THE TASK: Go to the line holding "Раскраска ослепительные олимпийские кольца" in the data below and repeat it exactly, then each line after it up to and including the one holding "Fuochi d'artificio esplodere". Omit pictures.

THE DATA:
......

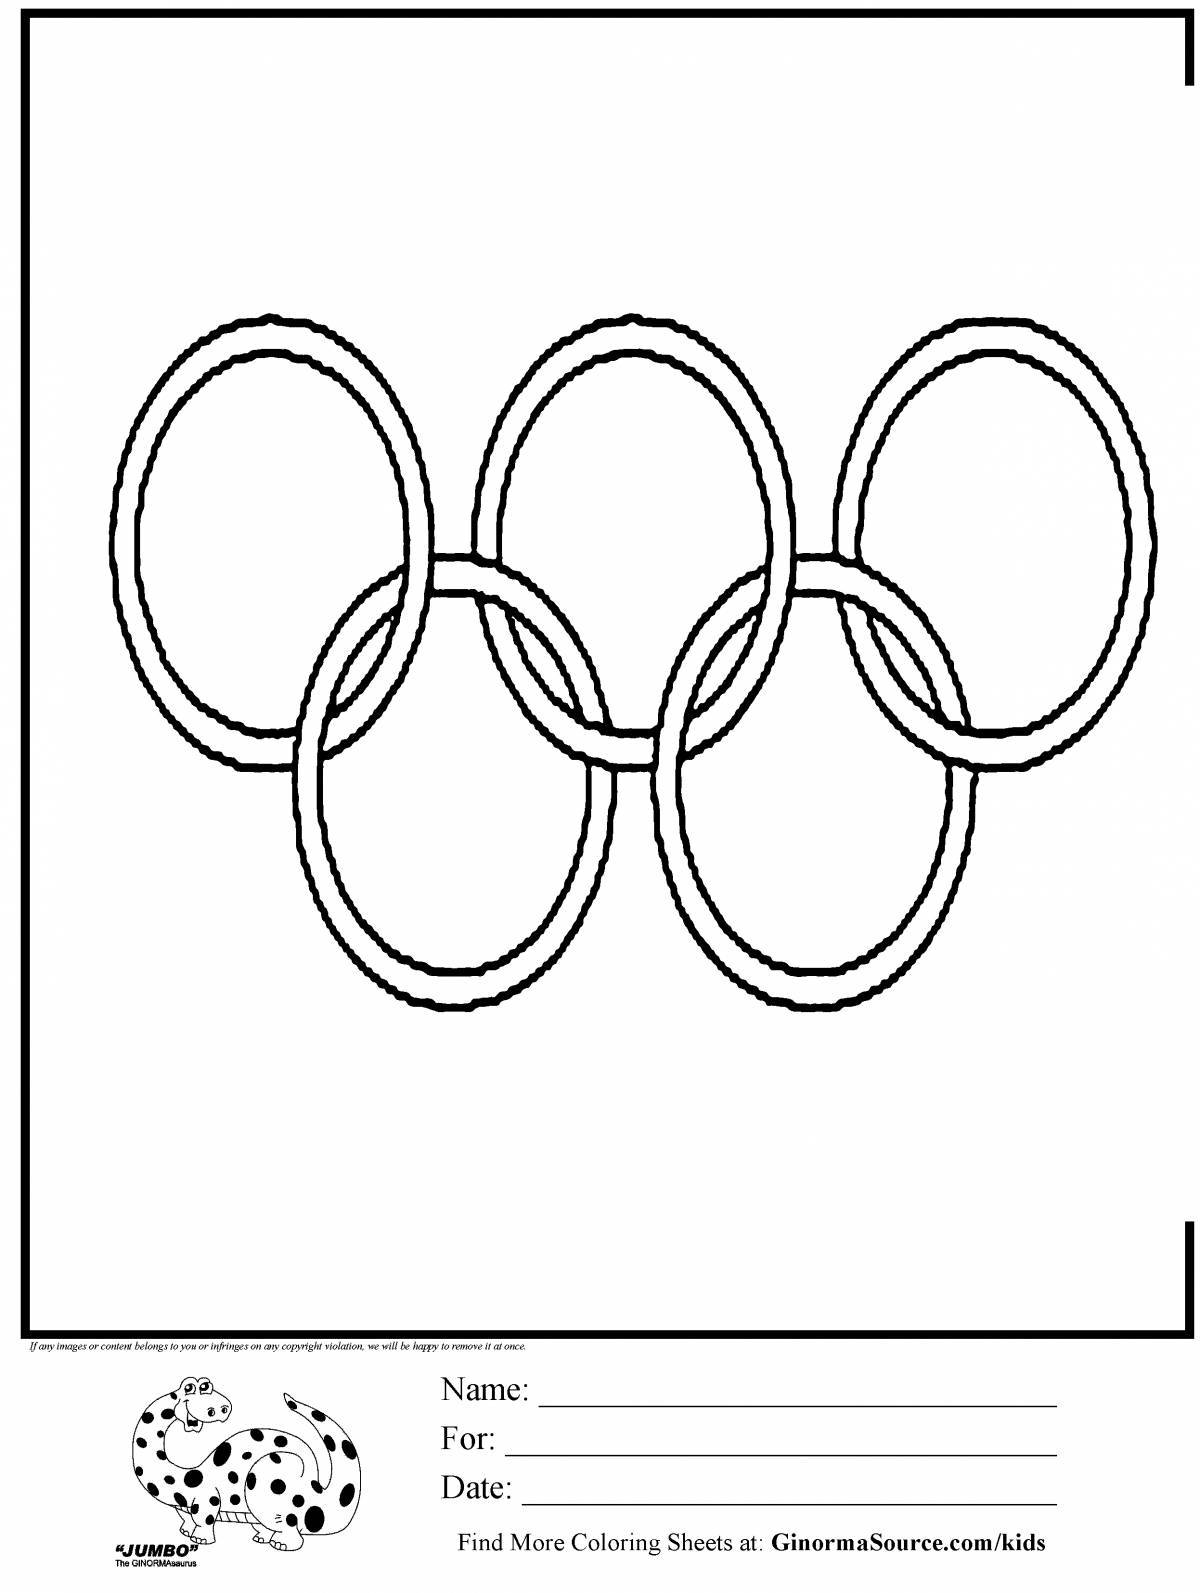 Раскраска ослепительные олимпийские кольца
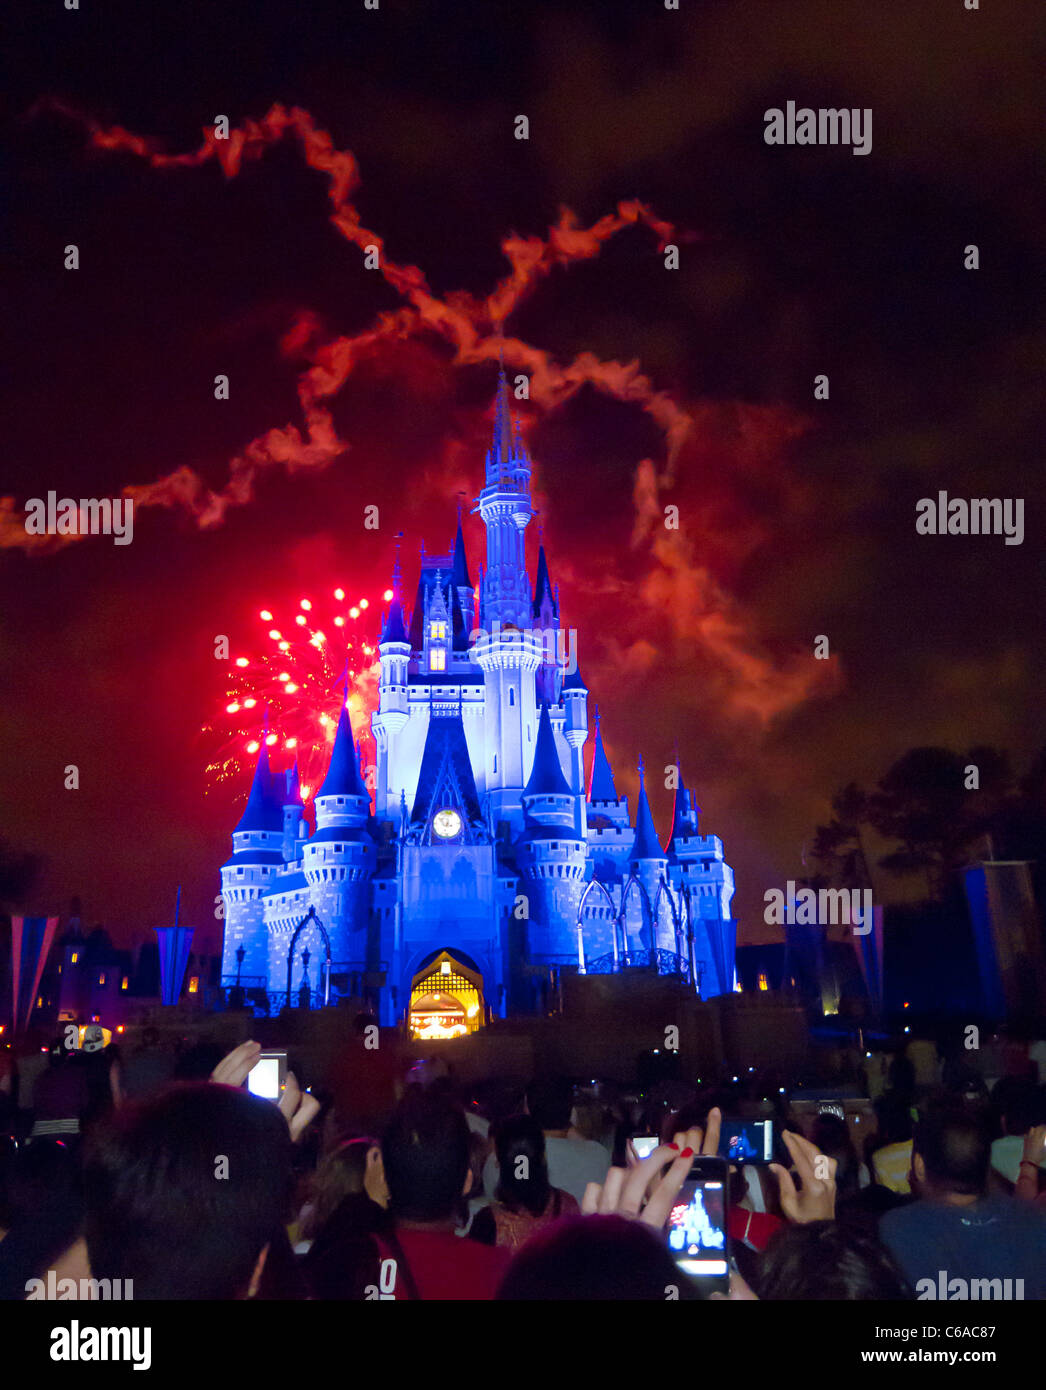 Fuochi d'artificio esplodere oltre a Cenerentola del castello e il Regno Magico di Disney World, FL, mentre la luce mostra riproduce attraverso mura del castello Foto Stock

......

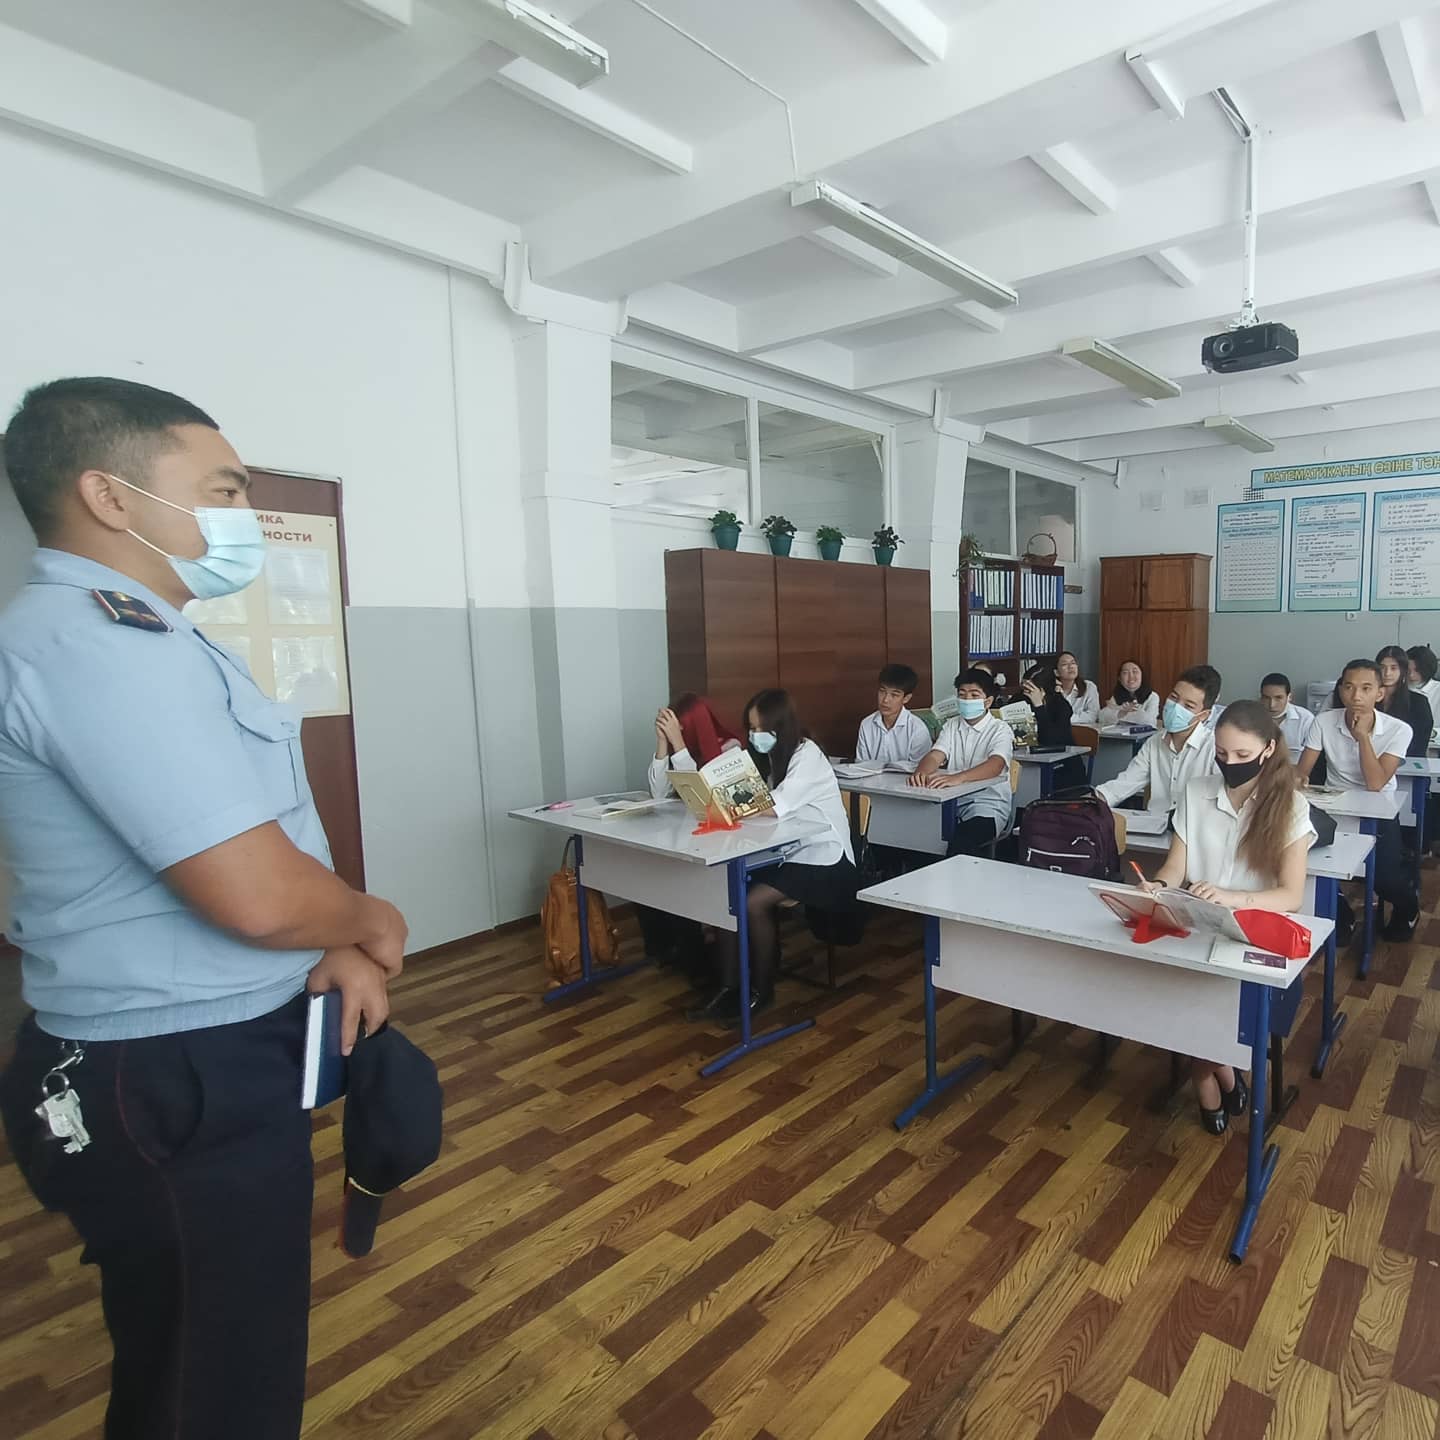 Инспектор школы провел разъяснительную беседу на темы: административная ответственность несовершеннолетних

......

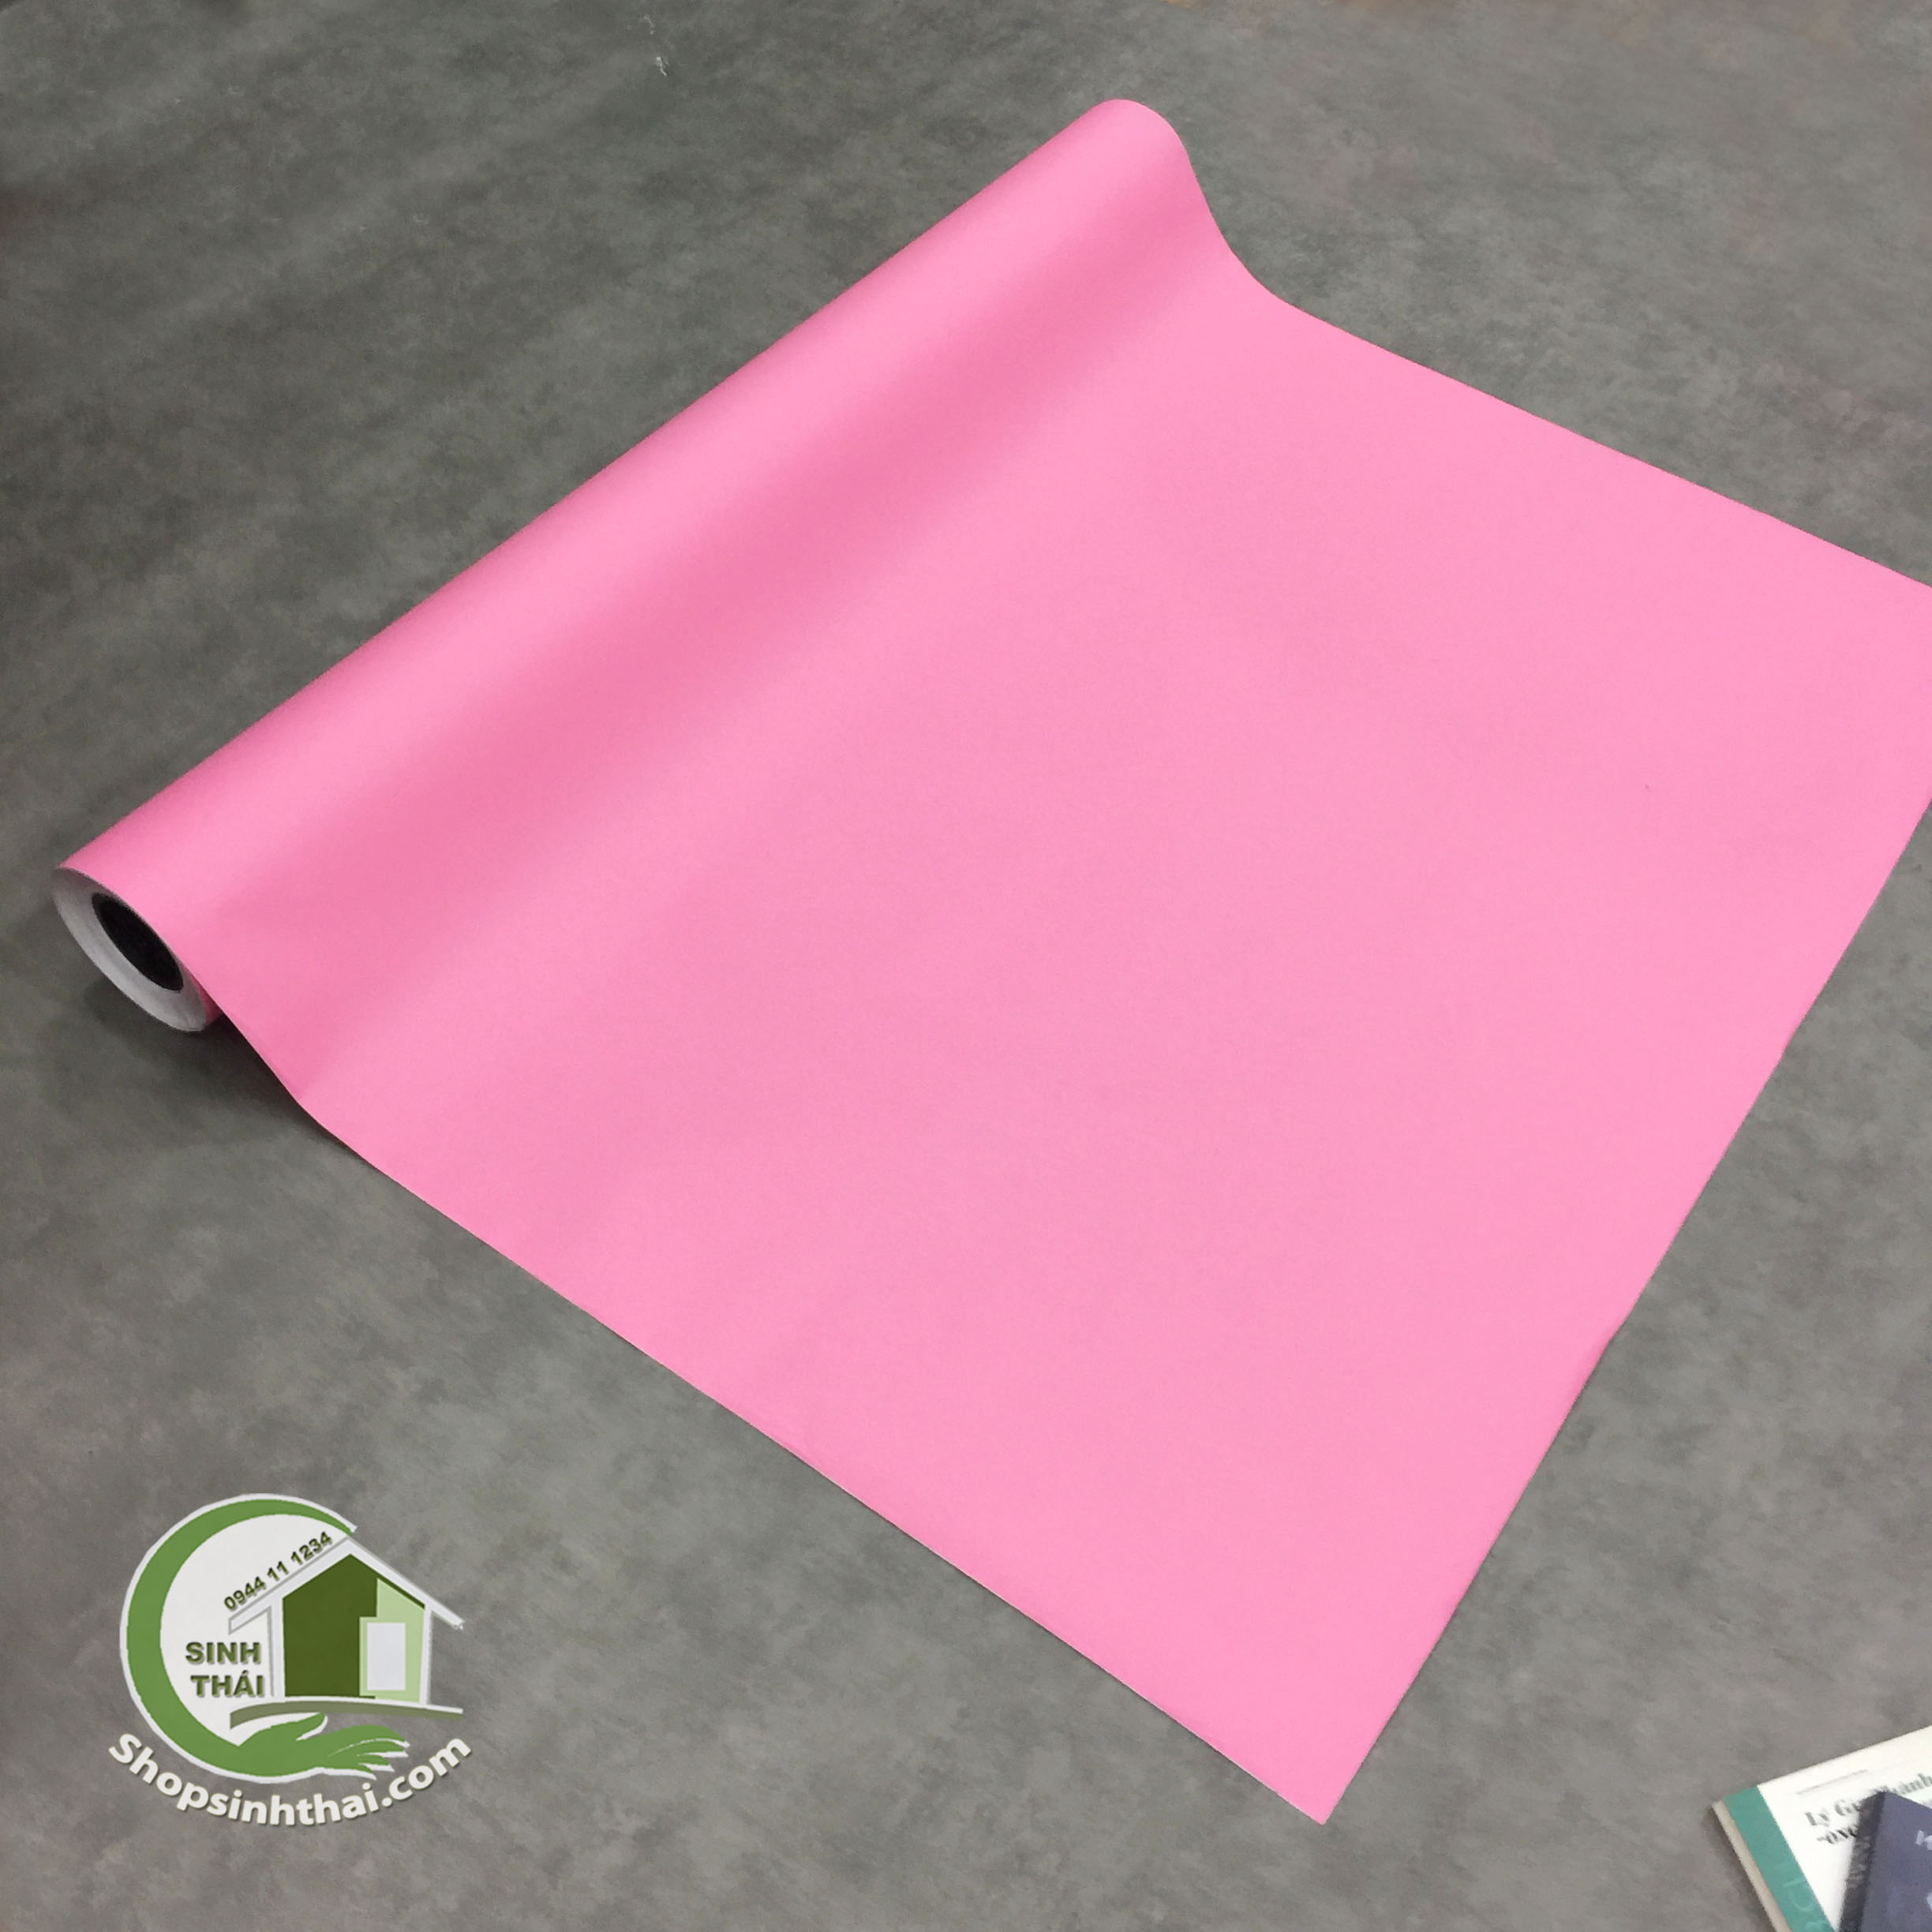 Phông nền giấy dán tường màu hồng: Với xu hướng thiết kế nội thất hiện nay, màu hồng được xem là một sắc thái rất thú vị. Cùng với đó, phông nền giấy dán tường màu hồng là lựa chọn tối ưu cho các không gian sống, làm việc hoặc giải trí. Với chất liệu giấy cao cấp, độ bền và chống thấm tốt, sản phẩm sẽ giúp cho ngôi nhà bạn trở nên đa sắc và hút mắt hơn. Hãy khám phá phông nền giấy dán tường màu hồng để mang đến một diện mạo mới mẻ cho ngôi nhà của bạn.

......

RESPONSE AREA:
 Раскраска ослепительные олимпийские кольца
 Fuochi d'artificio esplodere oltre a Cenerentola del castello e il Regno Magico di Disney World, FL, mentre la luce mostra riproduce attraverso mura del castello Foto Stock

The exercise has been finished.